Climate, Human Paleoecology, and the Use of Fuel in Wadi Sana (Southern Yemen)

Date and Time: 
Thursday, 5 May, 2011 - 21:30 to 21:50
KIMIAIE, Masi - The Ohio State University, Department of Anthropology
Joy MCCORRISTON - The Ohio State University, Department of Anthropology

This study integrates wood charcoal assemblages with climate, environmental, and archaeological data sets in Wadi Sana, Yemen, to address the availability and use of wood fuels by South Arabian hunter-herder groups from 7200 BP to present. Fuel use most often is a major source of carbonized macrobotanical remains. This evidence provides significant reflections of land cover and use as well as human interactions with surrounding landscape.

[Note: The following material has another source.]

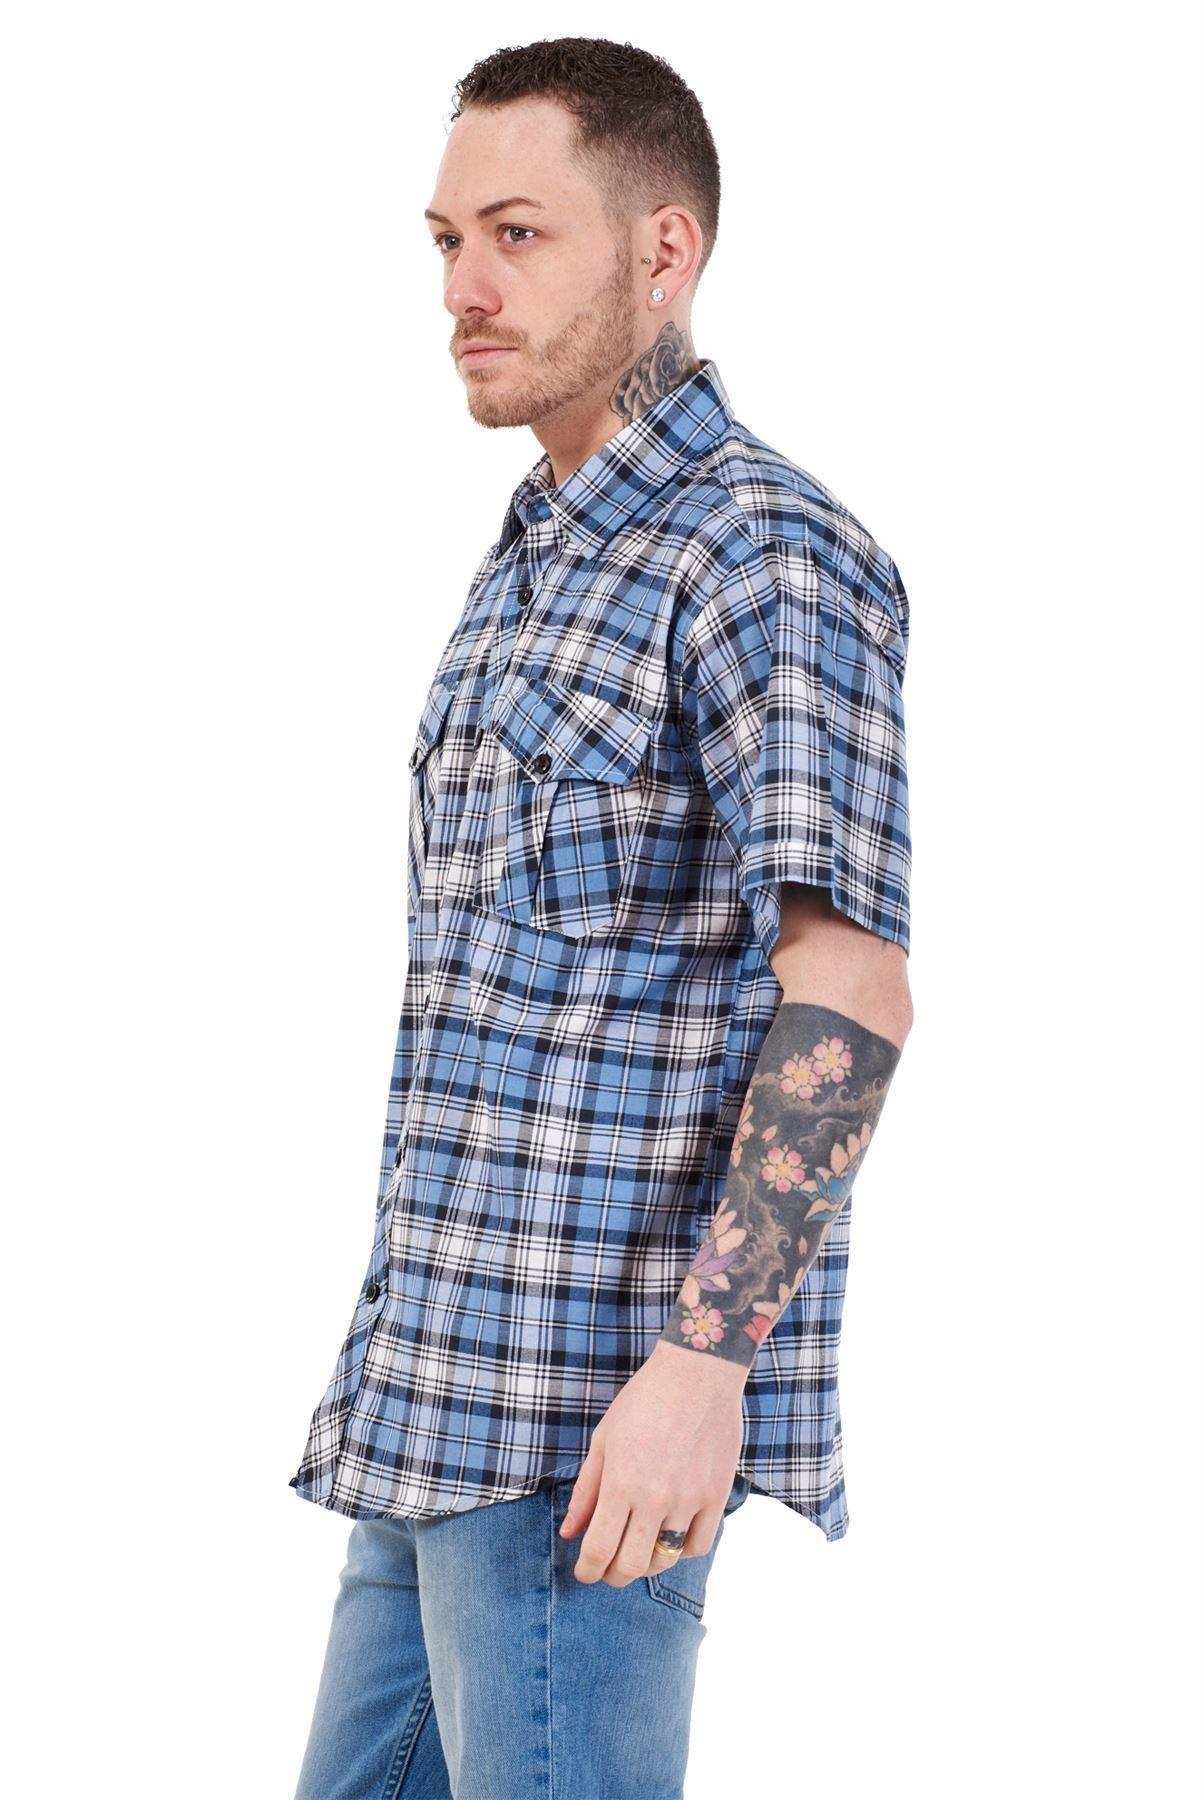 Mens-Regular-Big-Size-Shirts-Checked-Cotton-Blend-Casual-Short-Sleeve-Blue-M-5XL thumbnail 33

Wadi Sana drains the southern plateau of Southern Yemen’s arid highlands and contains a closely integrated archaeological and paleoecological dataset within its Early Holocene alluvial terraces and adjacent rock shelters. The Early Holocene environment, regulated by a stronger Southwest Asian monsoon, was moister than present, providing a marshy winter grazing area for cattle herders, whose construction of hearths and food preparation strategies changed over time. A typology in hearth construction technique is evident in Wadi Sana where many hearths are visible eroding at the surfaces and in wadi cut-banks of ancient silt beds. The evaluation of the Holocene landscape history is presented based on alluvial stratigraphy as well as the examination of the effects of climate and anthropogenic change. Data suggest that despite a Middle Holocene weakening of the monsoon, the dominant vegetation in Wadi Sana was much like today and that landscape manipulation by humans did not substantively impact this fragile ecosystem prior to the introduction of camels.